2. Fire-arms designed, intended or adapted for non-military purposes, such as sport or personal defense, that will fire cartridges that can be fired from fire-arms in Category 1; other rifled fire-arms firing from the shoulder, of a calibre of 6 mm. or above, not included in Category I, with the exception of rifled fire-arms with a "breakdown" action.

3. Ammunition for the arms enumerated in the above two headings, with the exception of ammunition covered by Category I.

4. Swords and lances.

B.-Component parts, completely finished, of the articles covered by A above, if capable of being utilized only in the assembly or repair of the said articles, or as spare parts.


1. Vessels of war of all kinds.

2. Arms, ammunition and implements of war mounted on board vessels of war and forming part of their normal armament.


1. Aircraft, assembled or dismantled. 2. Aircraft engines.


1. Gunpowder and explosives, except common black gunpowder.

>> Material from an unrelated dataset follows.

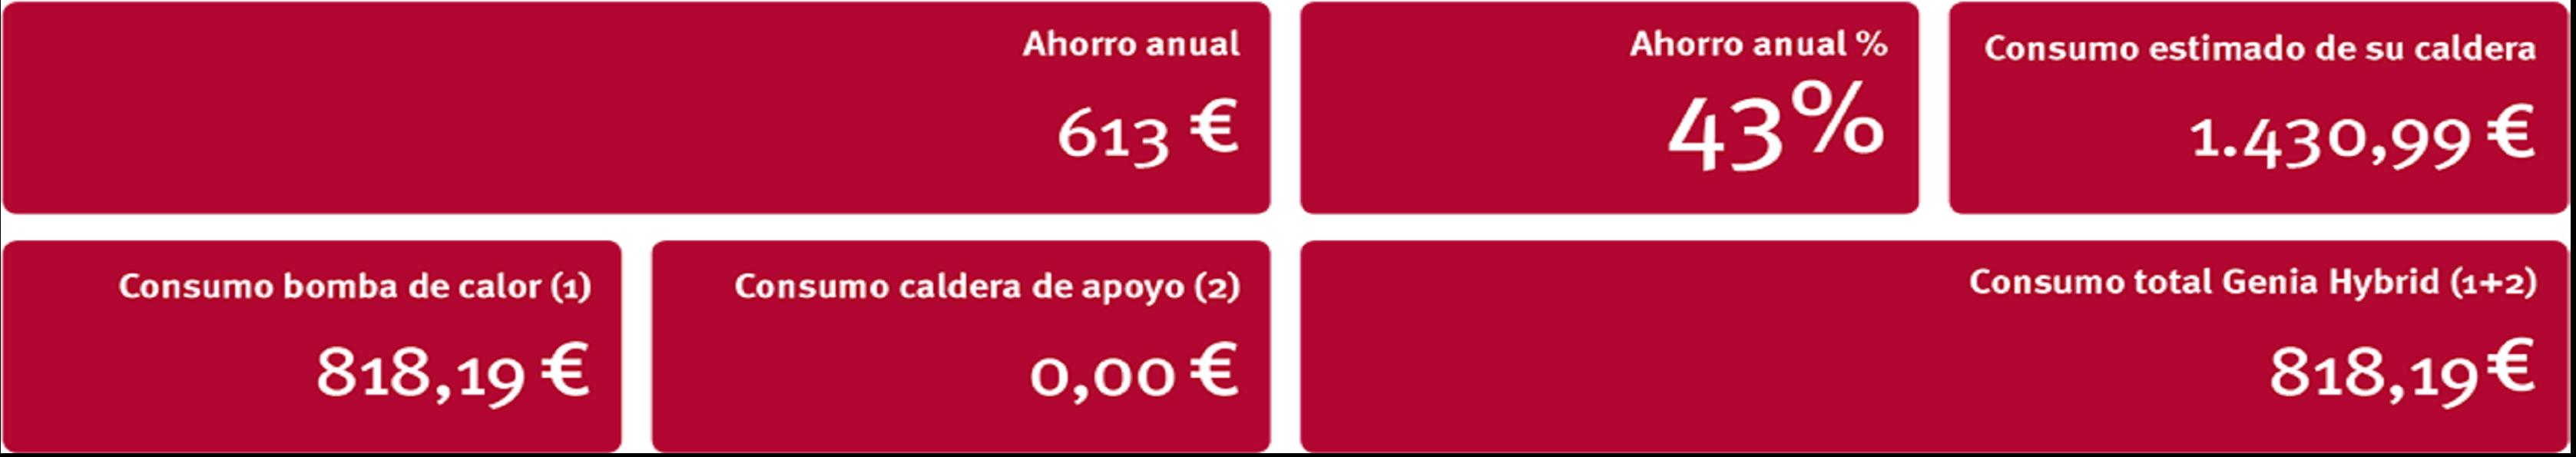 Grafico de cálculo ahorro de Seit Instalaciones
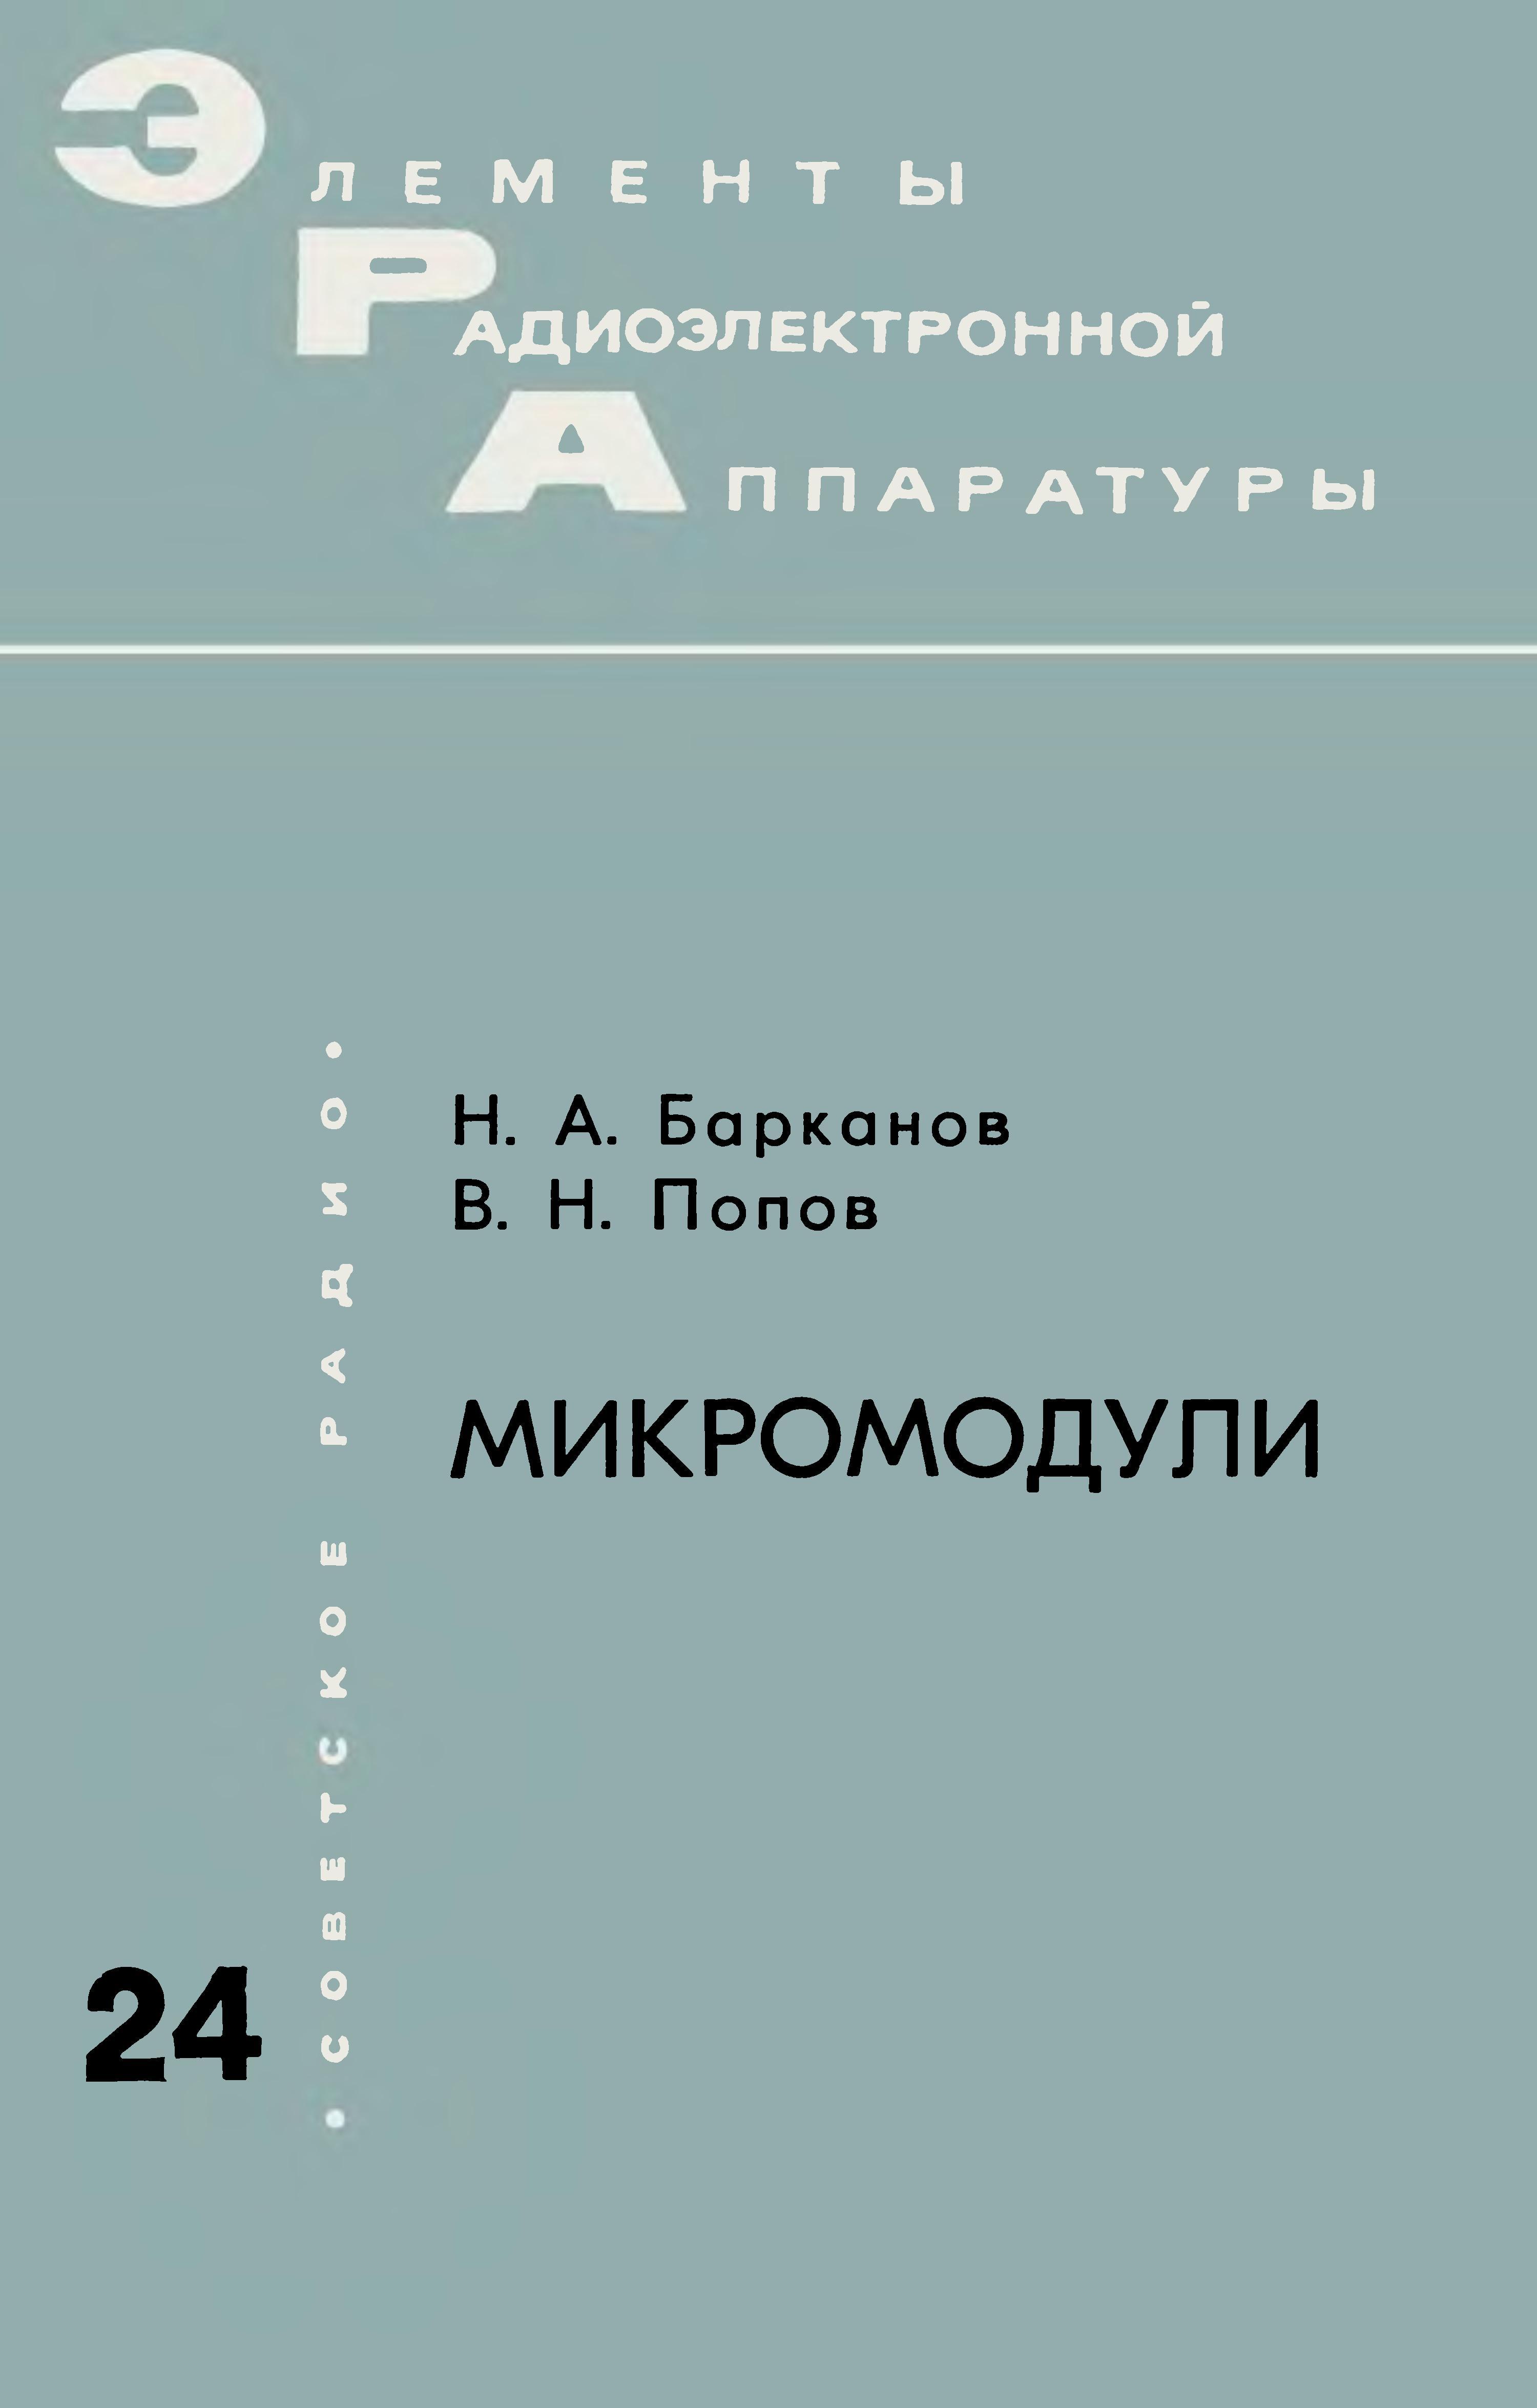 Элементы радиоэлектронной аппаратуры. Вып. 24. Микромодули — обложка книги.

2. Arms and ammunition other than those covered by Categories I and II, such as pistols and revolvers of all models, rifled weapons with a “break-down" action, other rifled fire-arms of a calibre of less than 6 mm. designed for firing from the shoulder, smooth-bore shot-guns, guns with more than one barrel of which at least one barrel is smooth-bore, fire-arms firing rimfire ammunition, muzzleloading fire-arms.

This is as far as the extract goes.